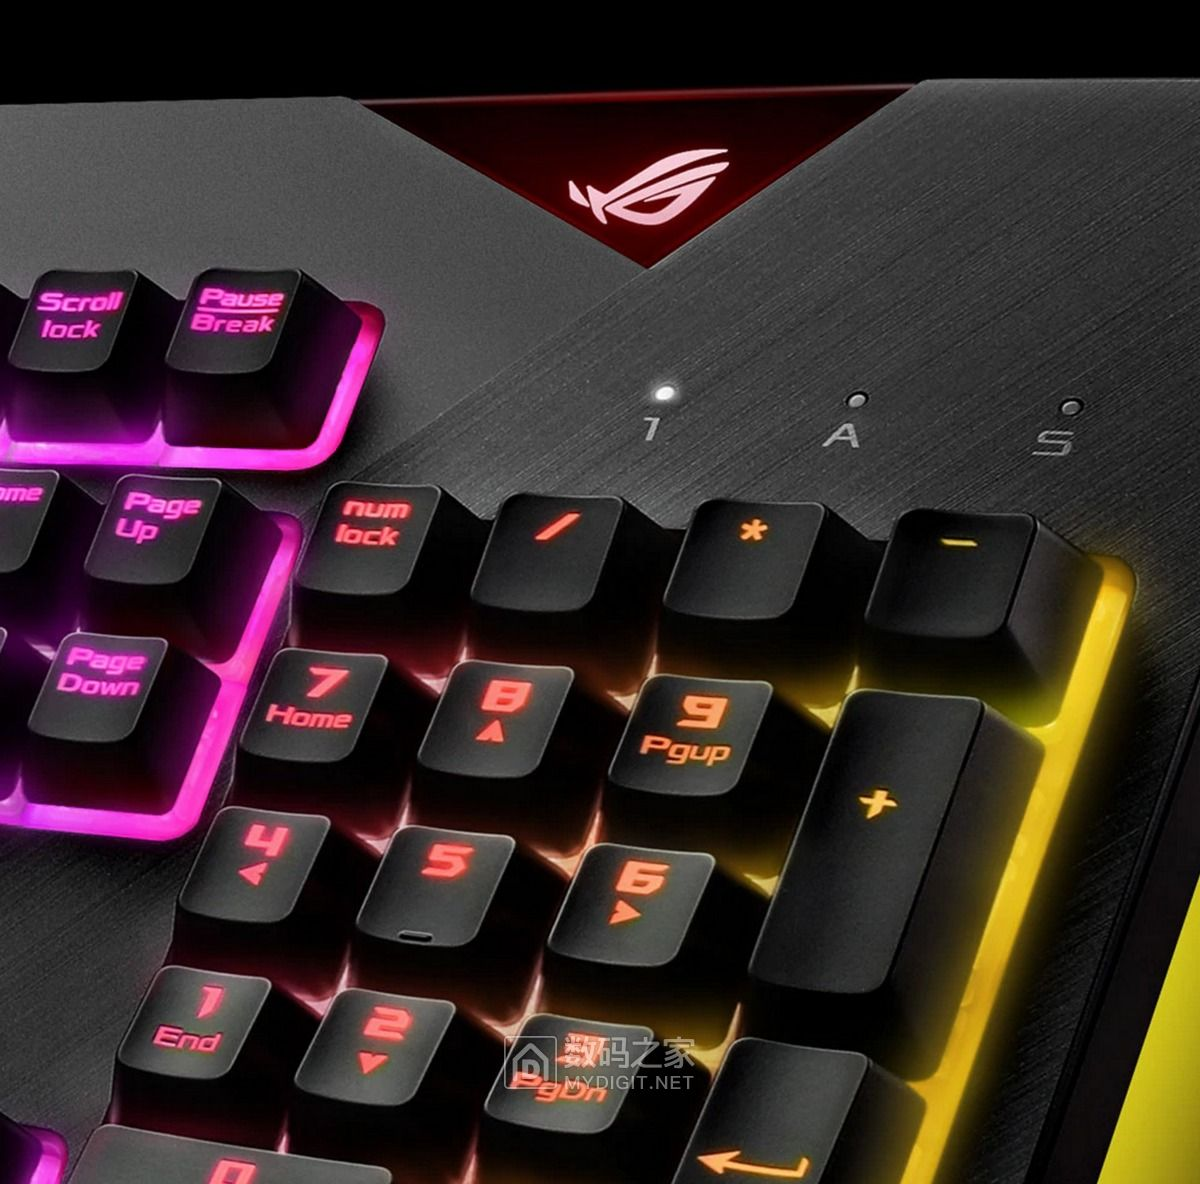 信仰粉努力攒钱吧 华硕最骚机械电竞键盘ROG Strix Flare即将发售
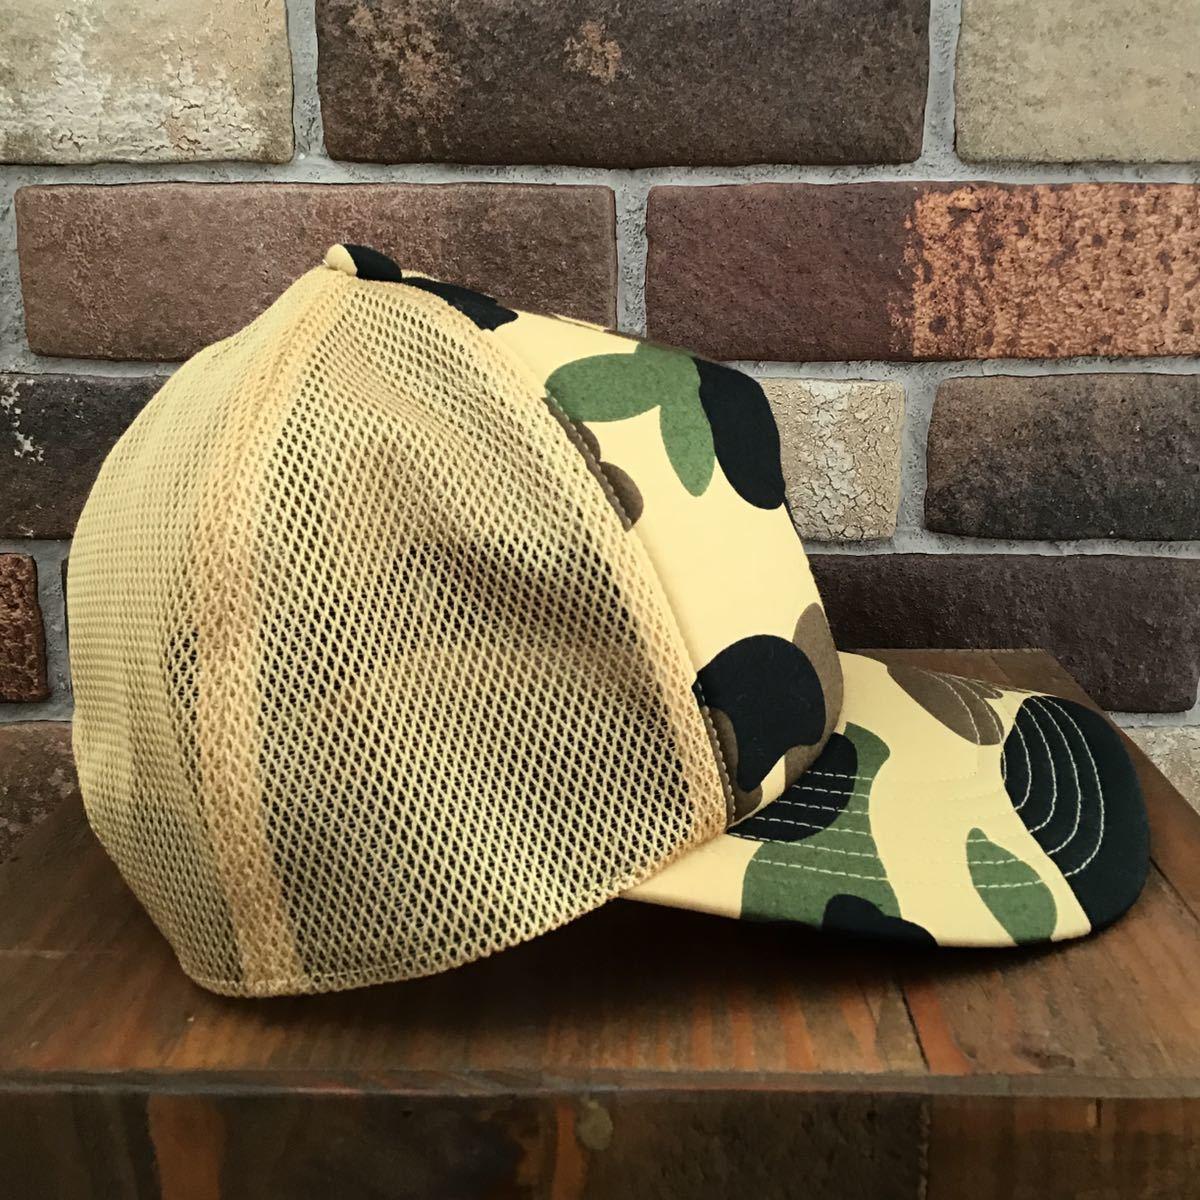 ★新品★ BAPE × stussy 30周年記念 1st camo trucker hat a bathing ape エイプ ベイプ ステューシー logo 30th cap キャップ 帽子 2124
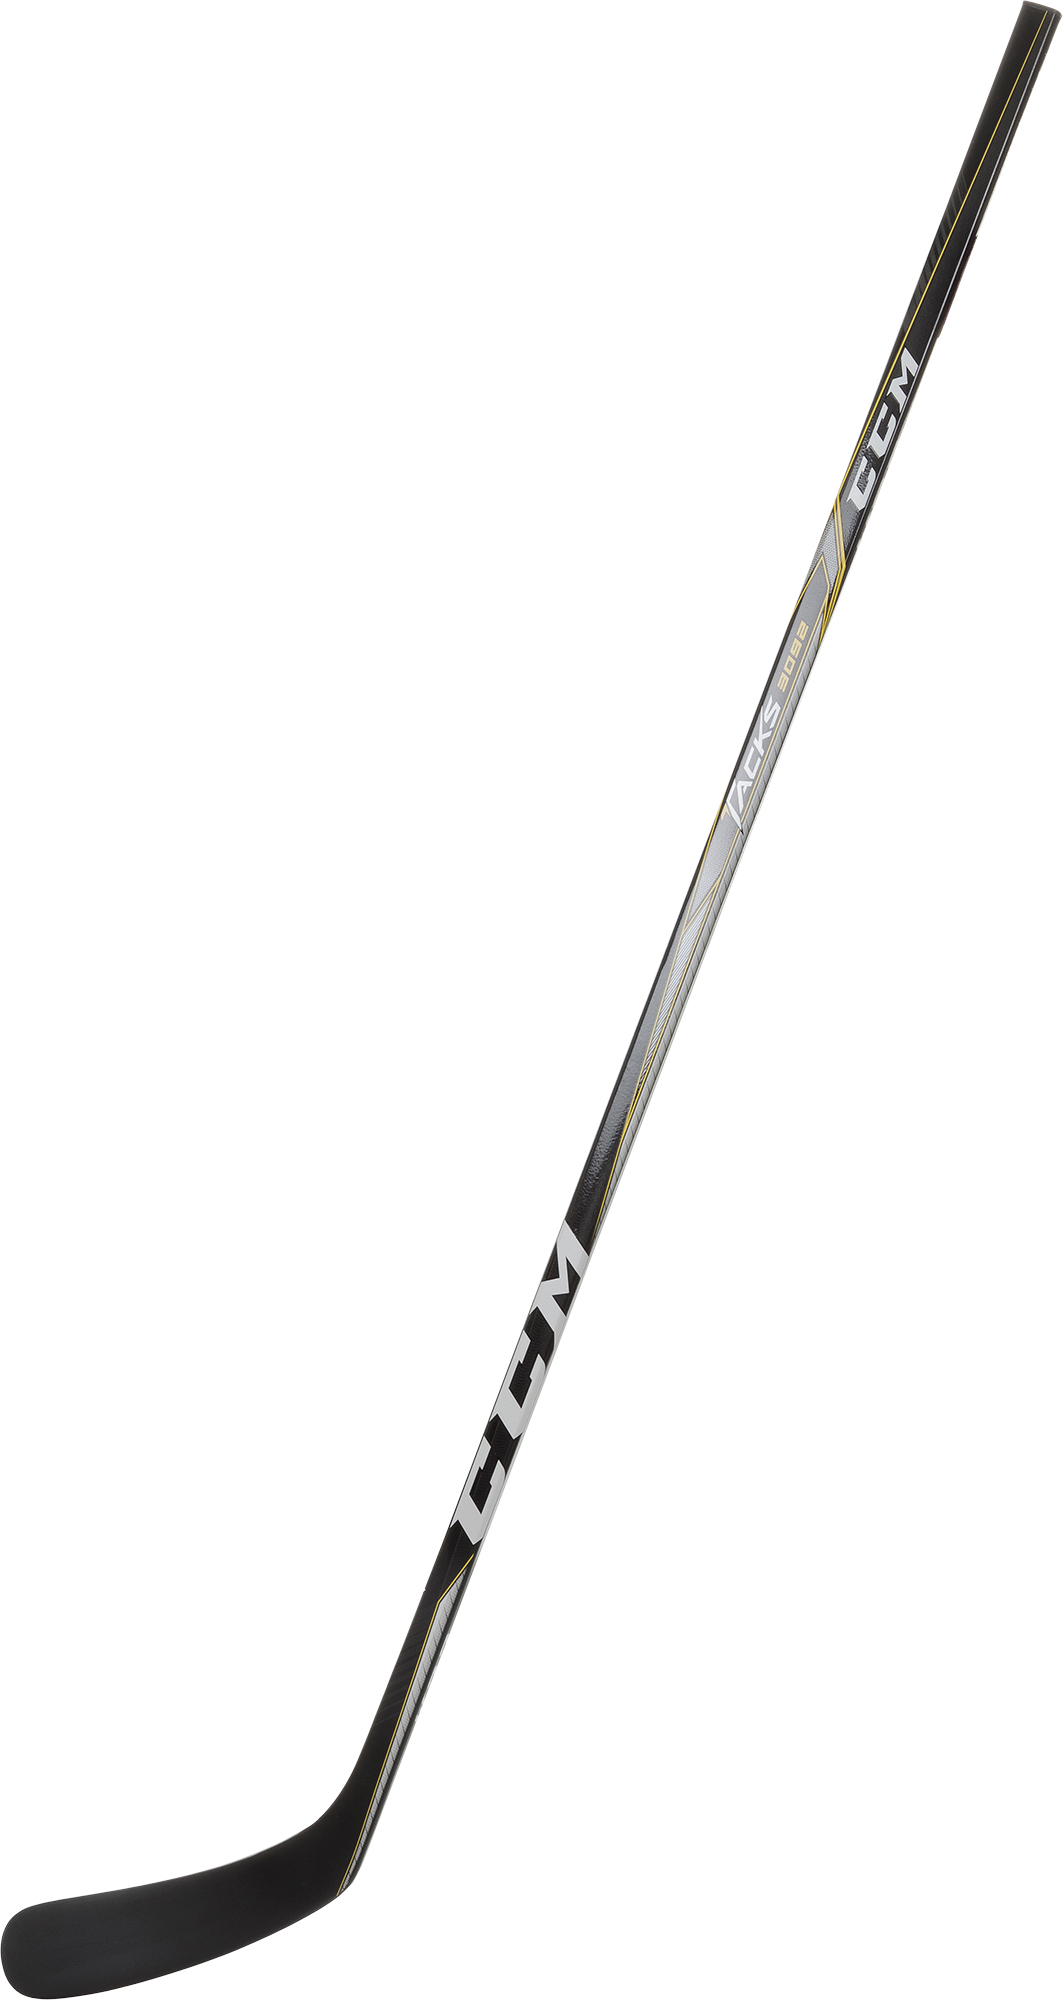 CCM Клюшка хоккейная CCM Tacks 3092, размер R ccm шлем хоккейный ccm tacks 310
┄┄┄┄┄┄
Instructions for the task: Copy out all the data exactly; skip the pictures.

Output for this exercise:
 信仰粉努力攒钱吧 华硕最骚机械电竞键盘ROG Strix Flare即将发售
 ★新品★ BAPE × stussy 30周年記念 1st camo trucker hat a bathing ape エイプ ベイプ ステューシー logo 30th cap キャップ 帽子 2124
 CCM Клюшка хоккейная CCM Tacks 3092, размер R ccm шлем хоккейный ccm tacks 310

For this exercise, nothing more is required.